• **Exercise details**
The answer must be every line from the entries below that includes "High".

• **Listed records**
---------------

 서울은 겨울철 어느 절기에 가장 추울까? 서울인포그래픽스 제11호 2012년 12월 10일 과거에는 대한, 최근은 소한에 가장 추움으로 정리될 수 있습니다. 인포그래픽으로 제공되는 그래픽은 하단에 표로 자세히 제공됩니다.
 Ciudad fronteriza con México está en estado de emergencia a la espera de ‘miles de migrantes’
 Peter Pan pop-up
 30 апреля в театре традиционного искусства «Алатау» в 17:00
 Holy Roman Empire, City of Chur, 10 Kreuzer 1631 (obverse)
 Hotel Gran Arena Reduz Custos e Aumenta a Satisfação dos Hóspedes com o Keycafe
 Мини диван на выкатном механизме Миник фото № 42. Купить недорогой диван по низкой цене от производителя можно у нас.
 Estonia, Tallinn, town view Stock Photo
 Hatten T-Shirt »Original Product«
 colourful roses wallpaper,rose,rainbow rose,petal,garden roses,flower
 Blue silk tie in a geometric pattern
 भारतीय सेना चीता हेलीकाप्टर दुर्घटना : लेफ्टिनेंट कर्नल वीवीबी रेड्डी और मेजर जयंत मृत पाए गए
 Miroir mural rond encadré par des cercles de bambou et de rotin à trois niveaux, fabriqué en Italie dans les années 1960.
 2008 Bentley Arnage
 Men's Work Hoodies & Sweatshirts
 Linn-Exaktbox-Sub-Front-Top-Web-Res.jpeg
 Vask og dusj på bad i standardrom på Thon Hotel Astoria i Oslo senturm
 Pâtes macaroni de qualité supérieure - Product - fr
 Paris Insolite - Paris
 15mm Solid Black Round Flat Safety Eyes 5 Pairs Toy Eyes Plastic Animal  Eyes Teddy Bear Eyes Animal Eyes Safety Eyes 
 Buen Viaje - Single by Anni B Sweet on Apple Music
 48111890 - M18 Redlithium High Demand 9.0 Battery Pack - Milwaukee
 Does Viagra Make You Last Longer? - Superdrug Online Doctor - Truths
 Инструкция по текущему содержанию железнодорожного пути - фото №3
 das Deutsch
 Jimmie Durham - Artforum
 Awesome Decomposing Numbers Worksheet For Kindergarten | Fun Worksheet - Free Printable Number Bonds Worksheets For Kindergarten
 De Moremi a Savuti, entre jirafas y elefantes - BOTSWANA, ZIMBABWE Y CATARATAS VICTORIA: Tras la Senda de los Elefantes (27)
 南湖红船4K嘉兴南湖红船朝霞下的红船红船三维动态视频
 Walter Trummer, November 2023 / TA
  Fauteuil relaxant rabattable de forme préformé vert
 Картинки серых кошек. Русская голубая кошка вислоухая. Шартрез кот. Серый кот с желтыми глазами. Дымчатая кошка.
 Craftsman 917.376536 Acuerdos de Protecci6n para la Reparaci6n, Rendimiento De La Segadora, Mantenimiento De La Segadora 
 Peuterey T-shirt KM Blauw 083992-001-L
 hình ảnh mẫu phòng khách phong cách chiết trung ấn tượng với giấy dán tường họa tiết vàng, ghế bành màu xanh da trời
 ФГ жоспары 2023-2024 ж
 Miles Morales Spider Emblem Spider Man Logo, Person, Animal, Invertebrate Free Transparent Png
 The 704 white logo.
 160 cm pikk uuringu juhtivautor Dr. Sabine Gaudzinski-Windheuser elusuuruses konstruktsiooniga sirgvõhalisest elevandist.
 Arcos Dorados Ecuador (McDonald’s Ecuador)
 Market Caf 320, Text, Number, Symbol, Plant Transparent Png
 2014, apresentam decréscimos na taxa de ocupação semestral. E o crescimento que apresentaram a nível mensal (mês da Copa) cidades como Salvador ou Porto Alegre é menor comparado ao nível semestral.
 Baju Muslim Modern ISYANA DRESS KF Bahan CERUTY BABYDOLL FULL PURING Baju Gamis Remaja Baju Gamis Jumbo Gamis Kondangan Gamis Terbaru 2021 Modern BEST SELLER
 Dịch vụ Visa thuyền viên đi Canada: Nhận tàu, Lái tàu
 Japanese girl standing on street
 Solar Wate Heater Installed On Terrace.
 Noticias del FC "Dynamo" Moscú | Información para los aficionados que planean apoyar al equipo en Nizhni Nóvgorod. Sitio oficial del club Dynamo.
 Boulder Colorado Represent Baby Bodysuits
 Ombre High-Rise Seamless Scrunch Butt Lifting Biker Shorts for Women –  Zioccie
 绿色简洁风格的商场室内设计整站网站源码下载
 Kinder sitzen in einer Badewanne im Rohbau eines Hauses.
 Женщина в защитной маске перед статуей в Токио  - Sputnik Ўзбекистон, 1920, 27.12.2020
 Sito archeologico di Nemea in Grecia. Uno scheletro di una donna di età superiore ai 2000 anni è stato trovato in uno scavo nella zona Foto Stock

---------------

• **Written response**
 48111890 - M18 Redlithium High Demand 9.0 Battery Pack - Milwaukee
 Ombre High-Rise Seamless Scrunch Butt Lifting Biker Shorts for Women –  Zioccie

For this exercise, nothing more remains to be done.